Fr 19.05.2017 - Gerhard Richter Archiv dauerhaft in Dresden

2006 wurde es bei den Staatlichen Kunstsammlungen Dresden gegründet – das Gerhard Richter Archiv. Die einst per Handschlag besiegelte Kooperation steht ab jetzt auch auf vertraglicher und damit verbindlicher Basis, sagte Generaldirektorin Marion Ackermann.

Nach Angaben der Kunstsammlungen wird das Gerhard Richter Archiv noch enger mit dem Kölner Atelier des wichtigsten deutschen Gegenwartskünstlers zusammenarbeiten.

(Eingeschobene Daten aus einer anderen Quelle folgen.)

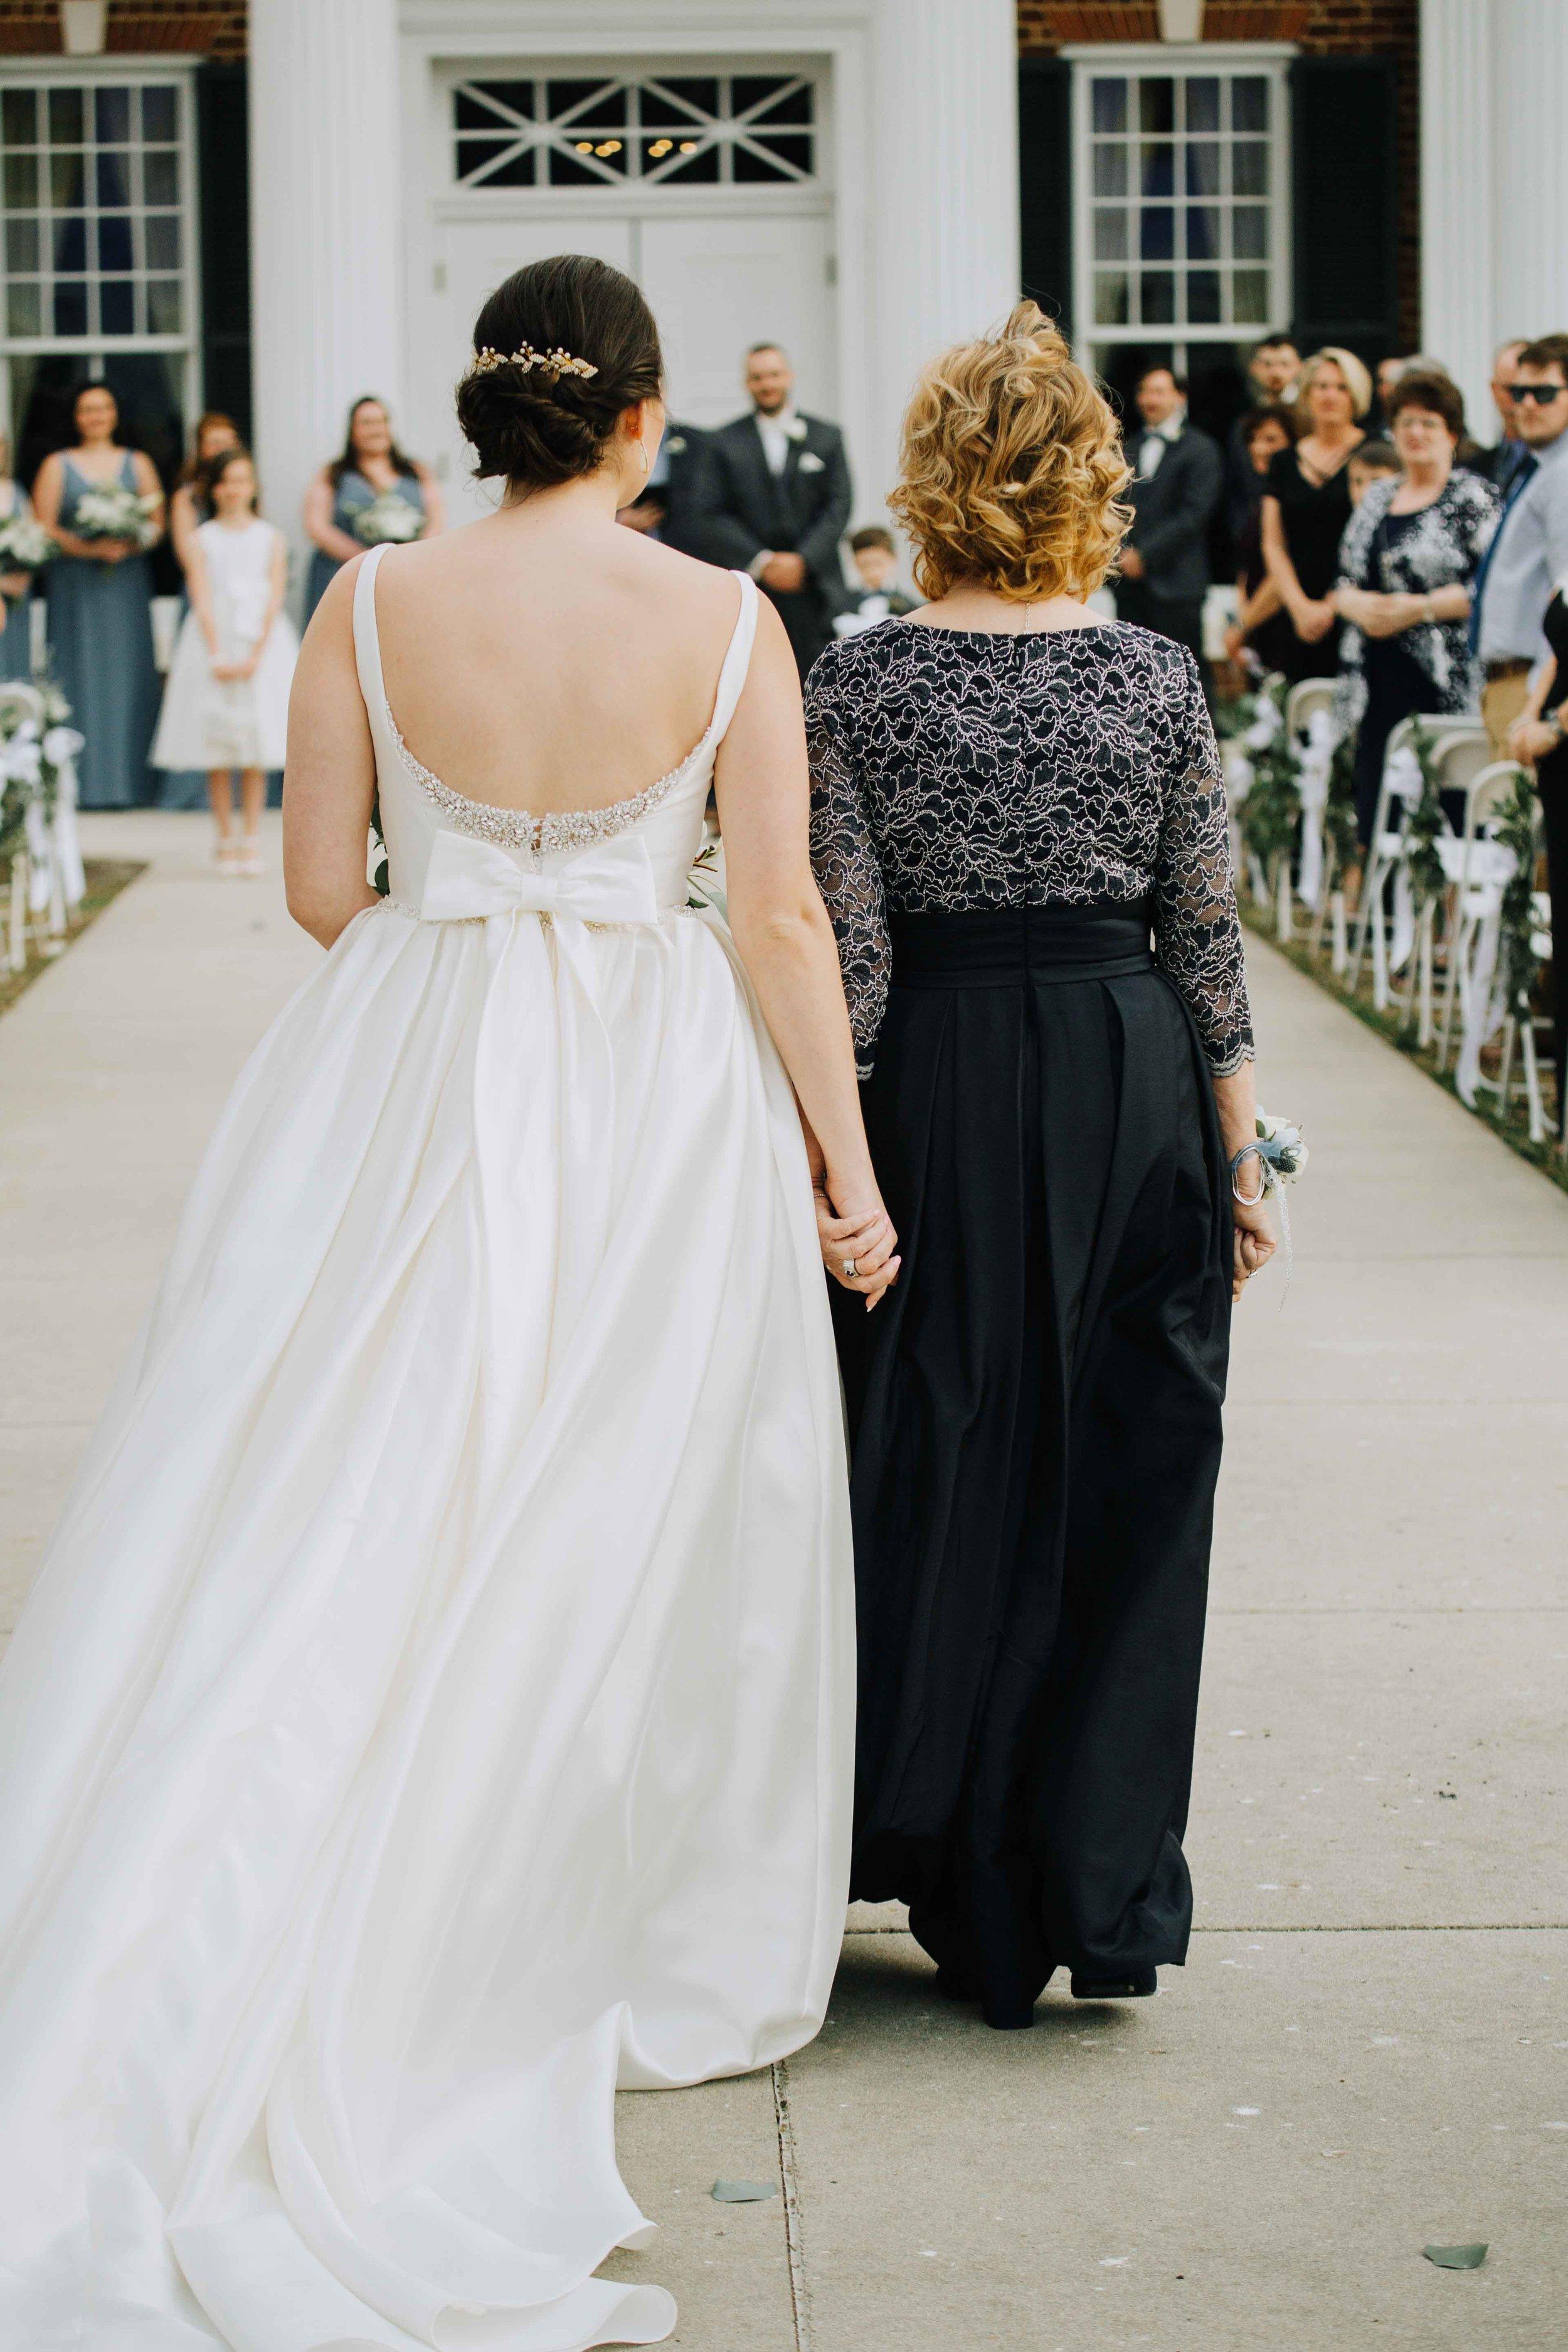 Farmville-Virginia-Wedding-Hotel-Weynoke-Downtown-Jacqueline-Waters-Photography-Detailed- (759).jpg
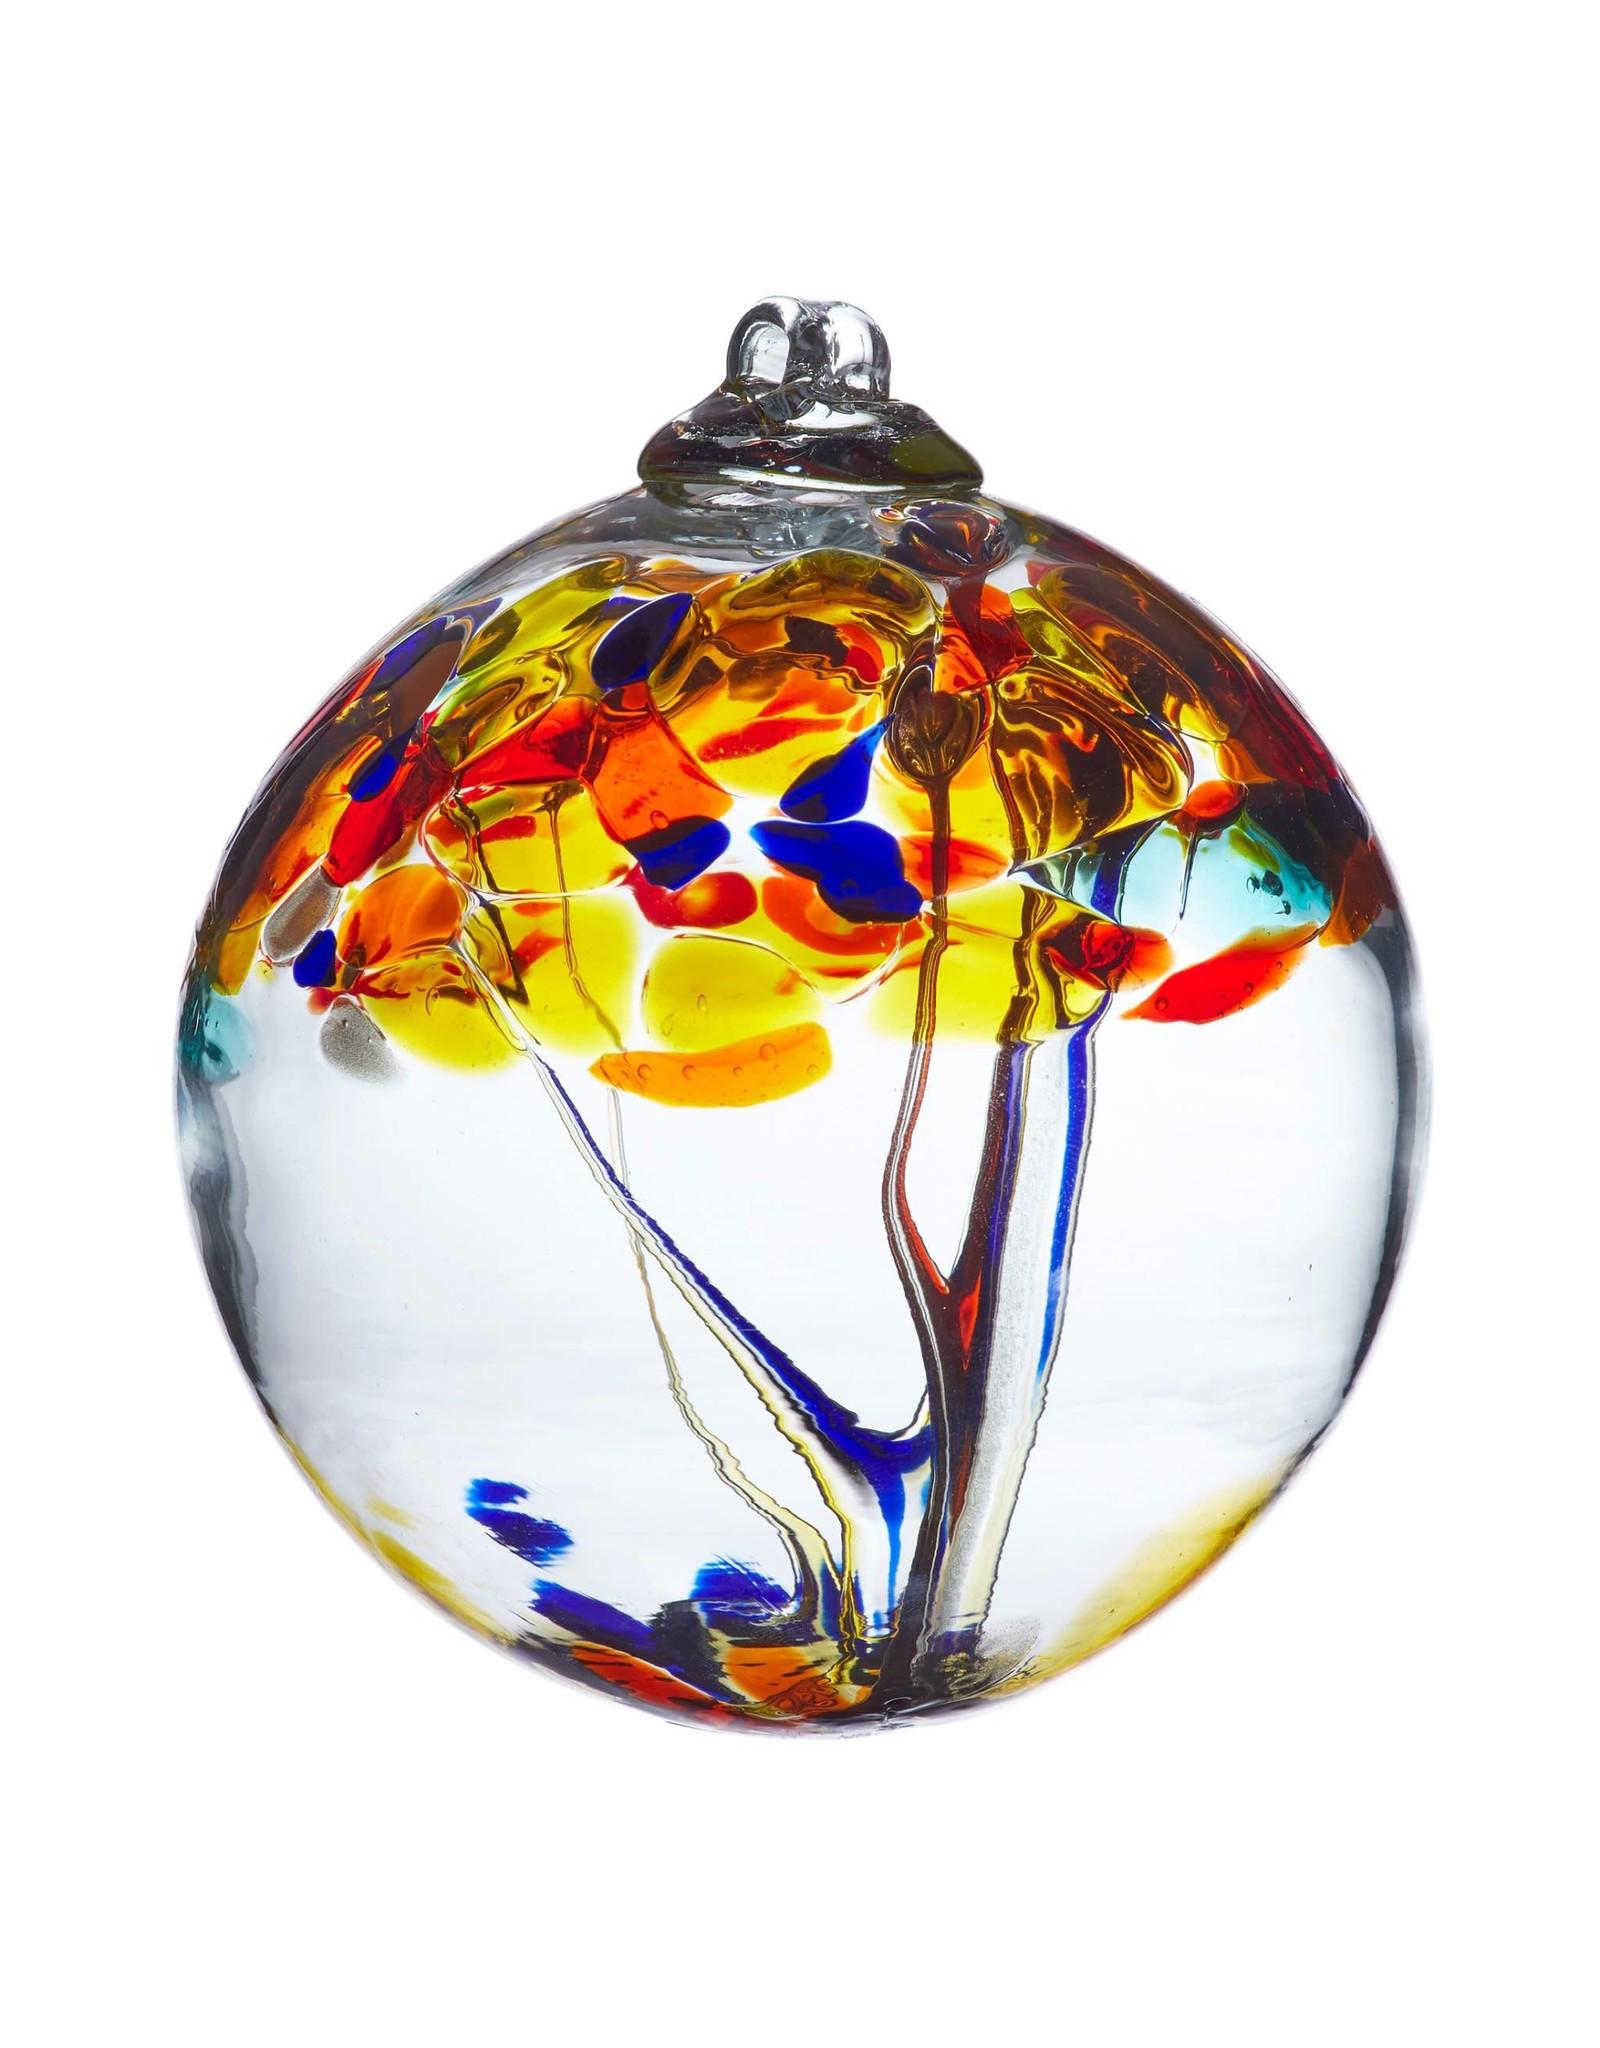 "Kitras Art Glass POSITIVITY (Trees of Enchantment, 6"" D., KITRAS)"

Richter selbst unterstützt das Archiv. Es sei gut, dass es existiere, sagte der 85-Jährige.

Das Archiv trägt alles Material zu Richters künstlerischem Leben zusammen. Der Bestand umfasst rund 300 Publikationen zu Richter und weitere 4.500 mit Bezug zu ihm. Zudem gibt es 1.100 Zeitschriften und 21.000 Zeitungsartikel über ihn, 14.000 Fotos seit 1962, etwa 950 Kunstplakate und Einladungskarten zu Ausstellungen sowie 1.650 Briefe, Manuskripte, Dokumente und Werbung, die als Fotovorlagen dienten – darunter Aufnahmen von Fotogemälden, die der Künstler in den 1960er Jahren vernichtete.

Das Material stammt von Richter selbst, Sammlern, Galerien, Auktionen und Antiquariaten. Es wird von Wissenschaftlern, renommierten Auktionshäusern oder Museen genutzt, Publikationen und Ausstellungen machen ausgewählte Aspekte publik.

Seit 2011 arbeitet das Archiv an einem Werkverzeichnis aller Bilder und Skulpturen. Der siebenbändige "Catalogue Raisonné" soll 2022 fertig sein.